(Data below):
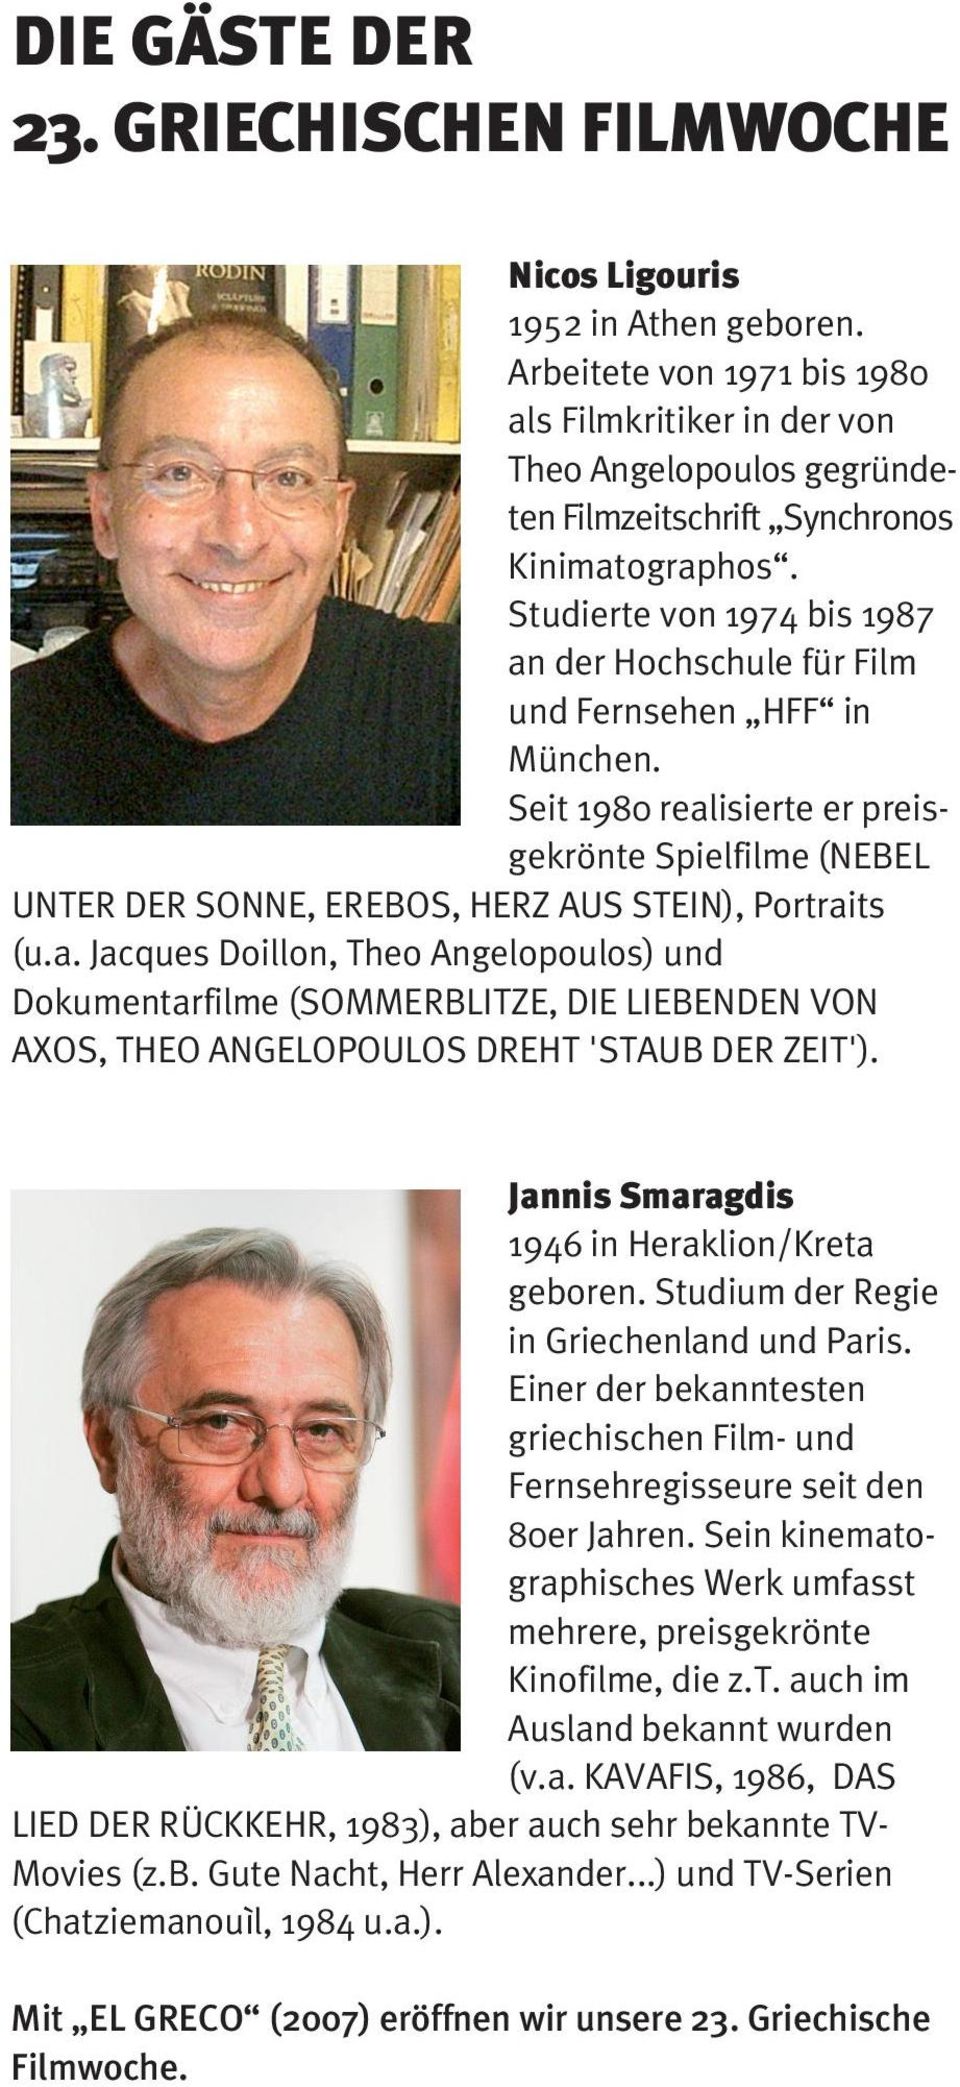 Studierte von 1974 bis 1987 an der Hochschule für Film und Fernsehen HFF in München. Seit 1980 realisierte er preisgekrönte Spielfilme (NEBEL UNTER DER SONNE, EREBOS, HERZ AUS STEIN), Portraits (u.a. Jacques Doillon, Theo Angelopoulos) und Dokumentarfilme (SOMMERBLITZE, DIE LIEBENDEN VON AXOS, THEO ANGELOPOULOS DREHT 'STAUB DER ZEIT').
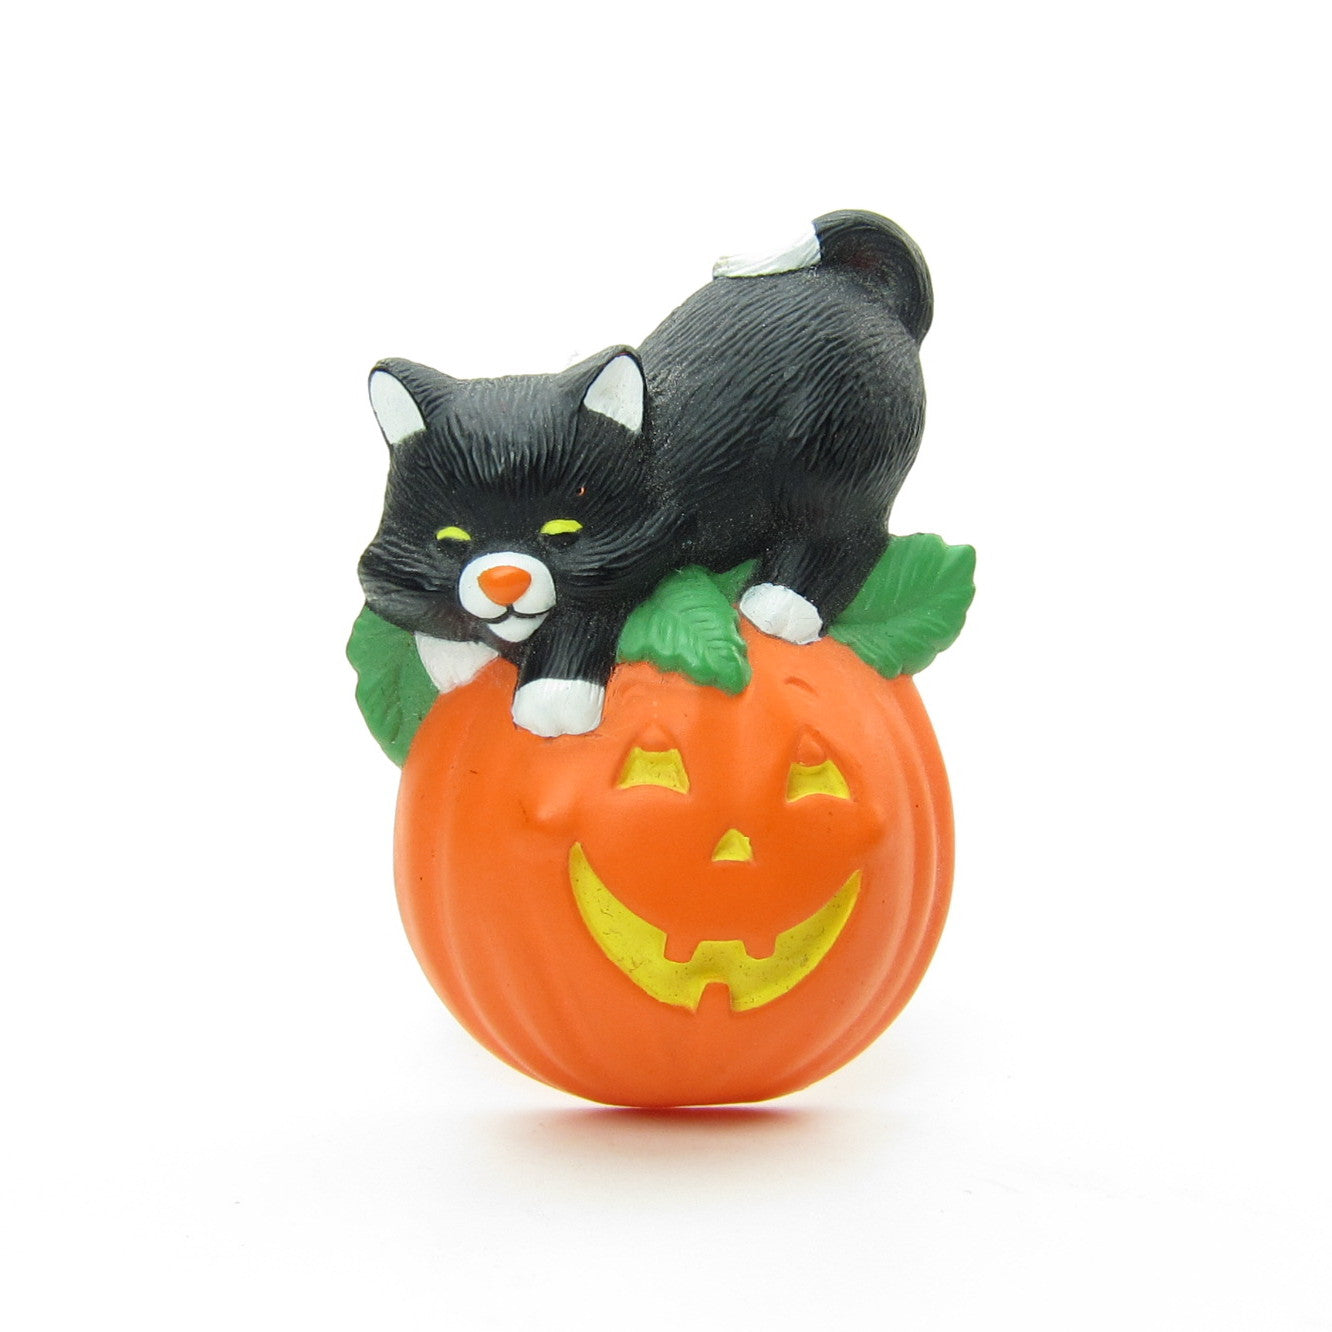 Hallmark black cat on pumpkin Halloween lapel pin
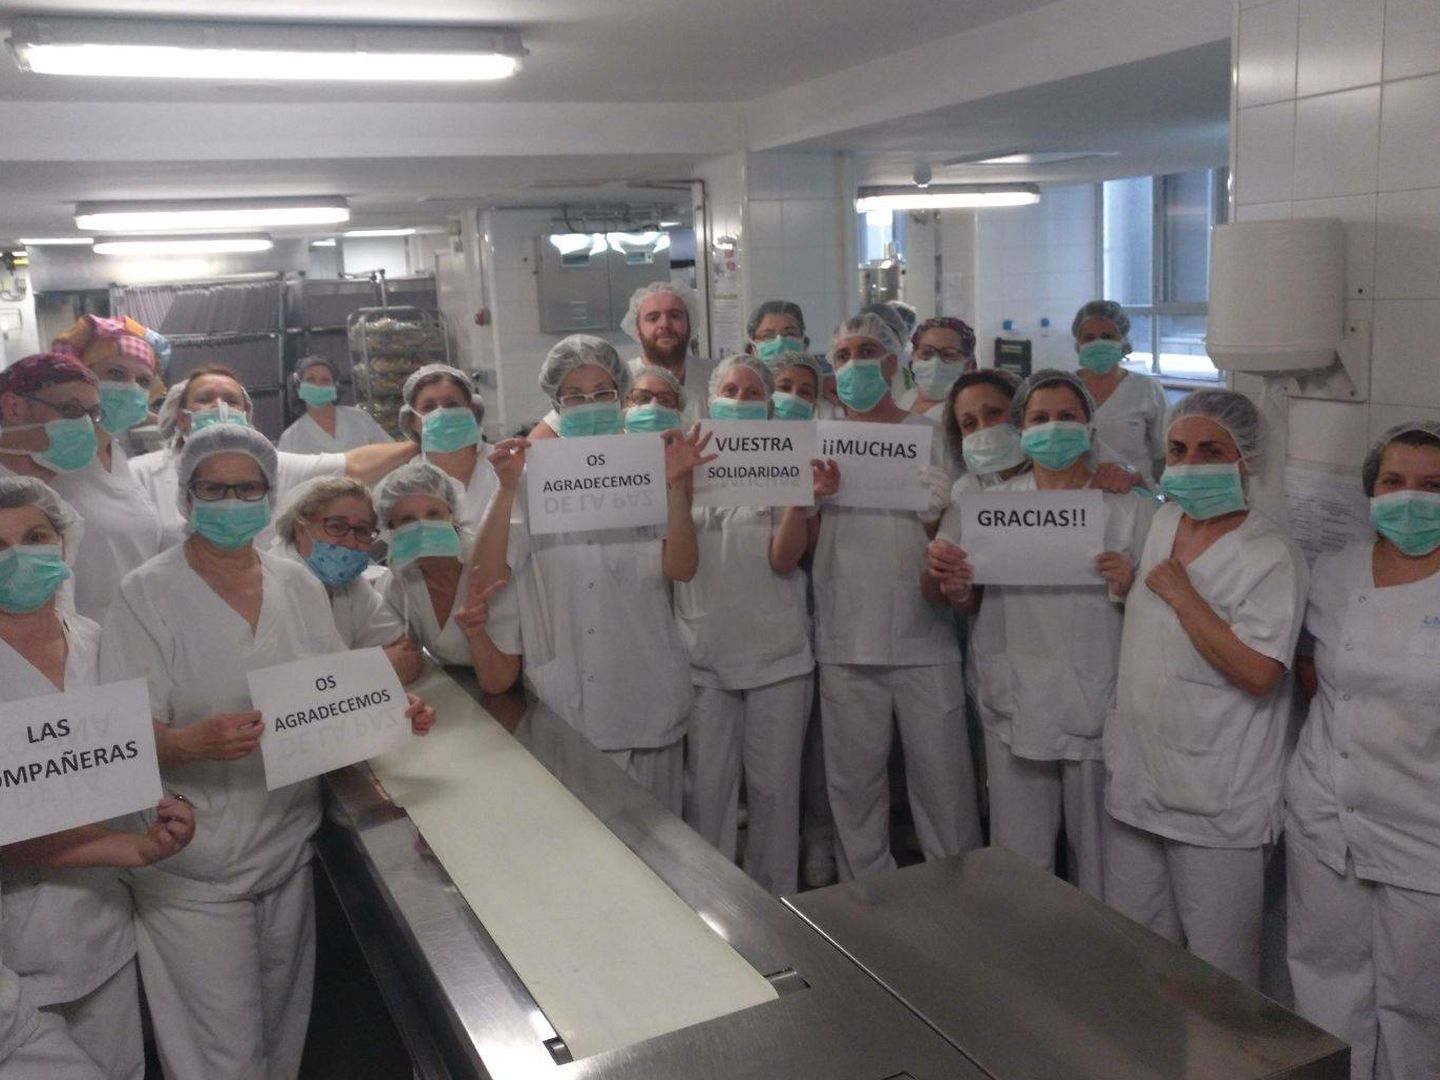 Los actuales trabajadores de la cocina de La Paz, dando las gracias al resto de hospitales que se han solidarizado con ellos.
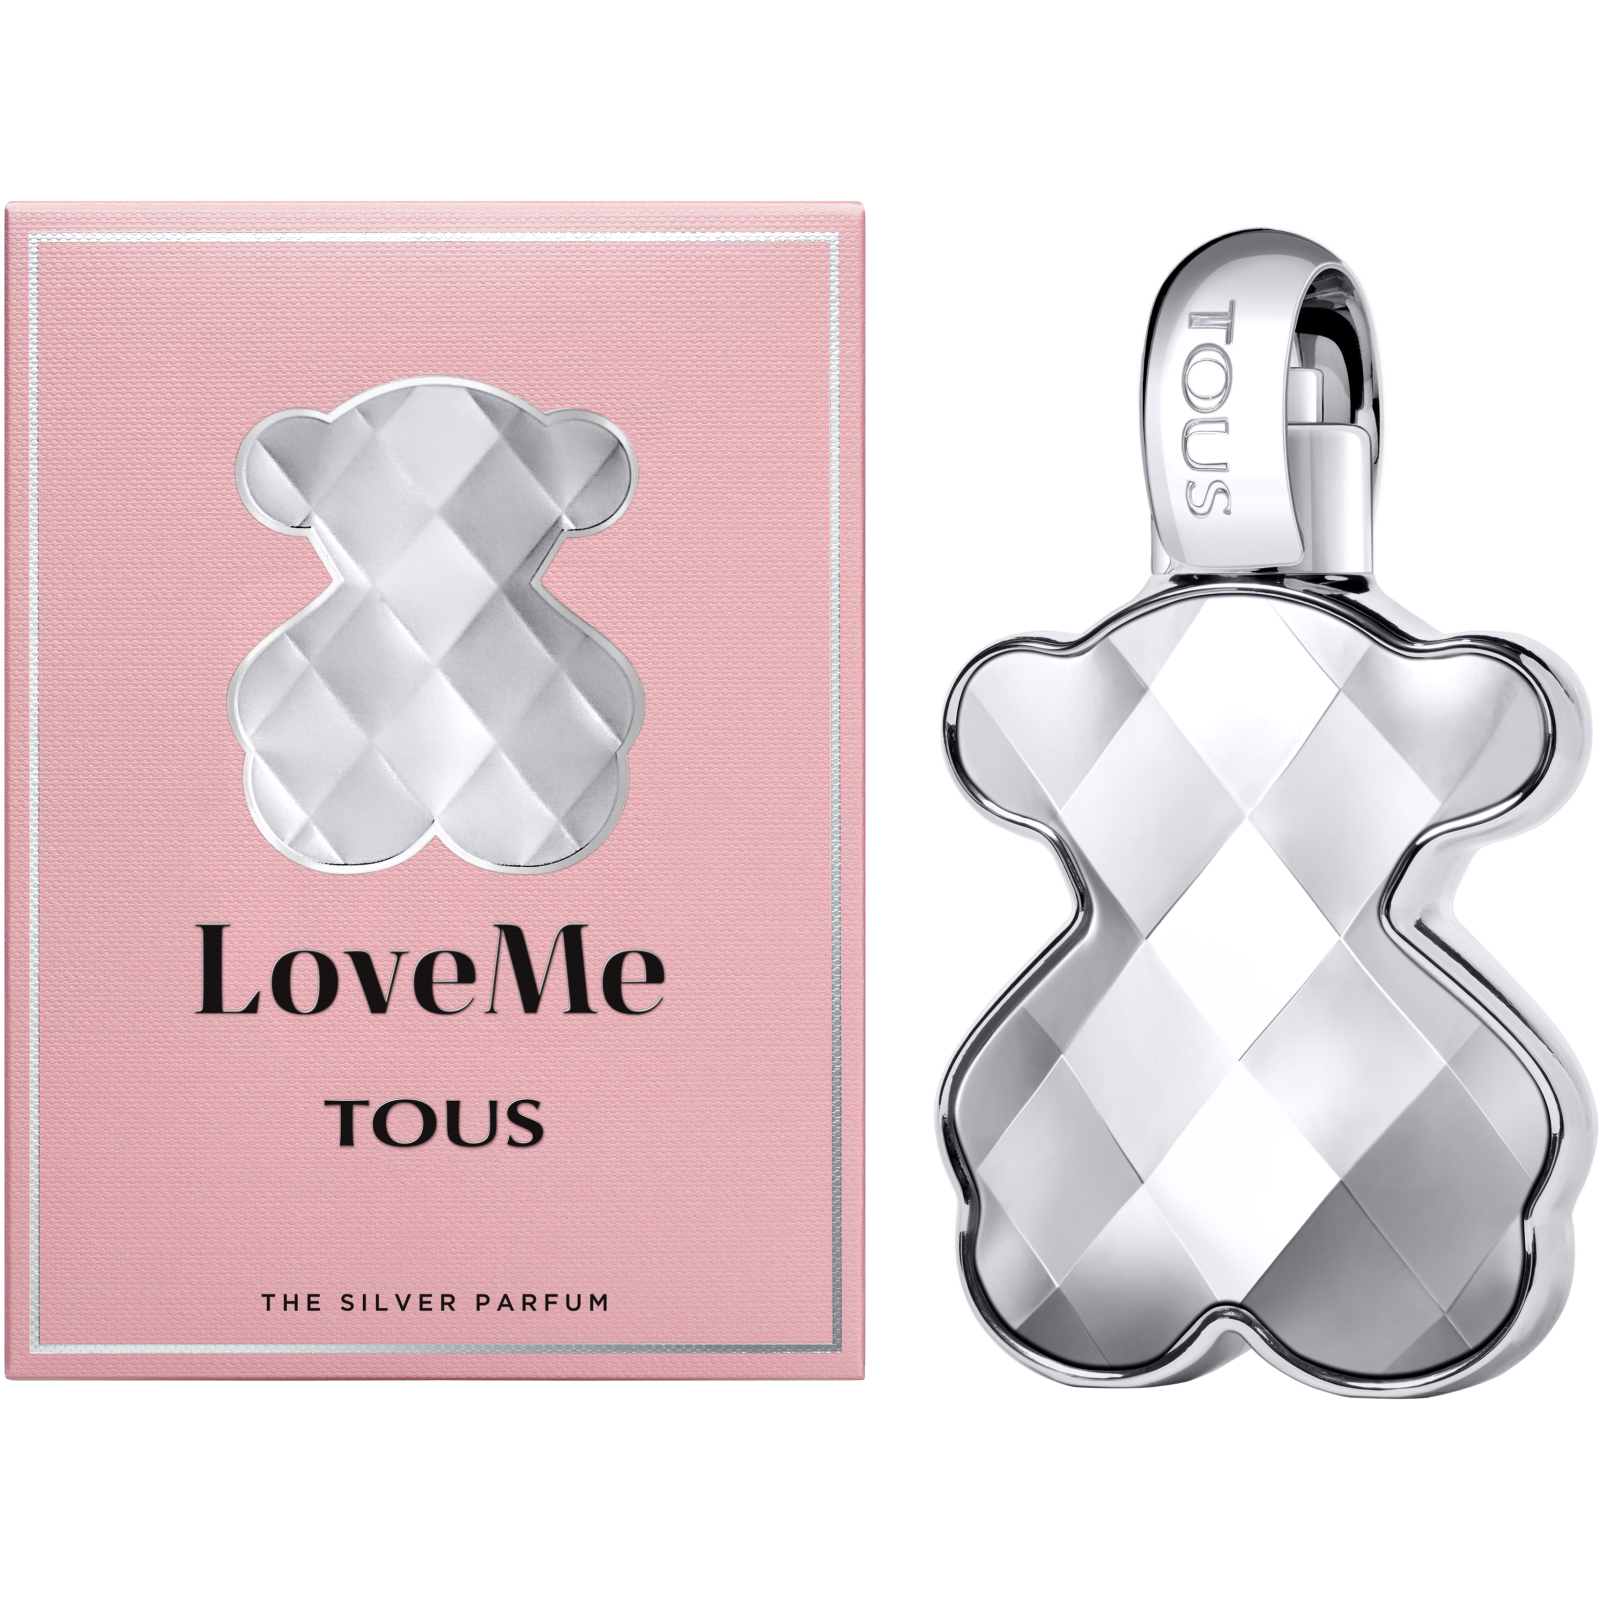 Парфюмированная вода Tous LoveMe The Silver Parfum миниатюра 15 мл (8436550509878) изображение 3

(Assigned task):
Please set down every line of the data above precisely, dropping the images.

(Answer to the problem):
 Studierte von 1974 bis 1987 an der Hochschule für Film und Fernsehen HFF in München. Seit 1980 realisierte er preisgekrönte Spielfilme (NEBEL UNTER DER SONNE, EREBOS, HERZ AUS STEIN), Portraits (u.a. Jacques Doillon, Theo Angelopoulos) und Dokumentarfilme (SOMMERBLITZE, DIE LIEBENDEN VON AXOS, THEO ANGELOPOULOS DREHT 'STAUB DER ZEIT').
 Hallmark black cat on pumpkin Halloween lapel pin
 Los actuales trabajadores de la cocina de La Paz, dando las gracias al resto de hospitales que se han solidarizado con ellos.
 Парфюмированная вода Tous LoveMe The Silver Parfum миниатюра 15 мл (8436550509878) изображение 3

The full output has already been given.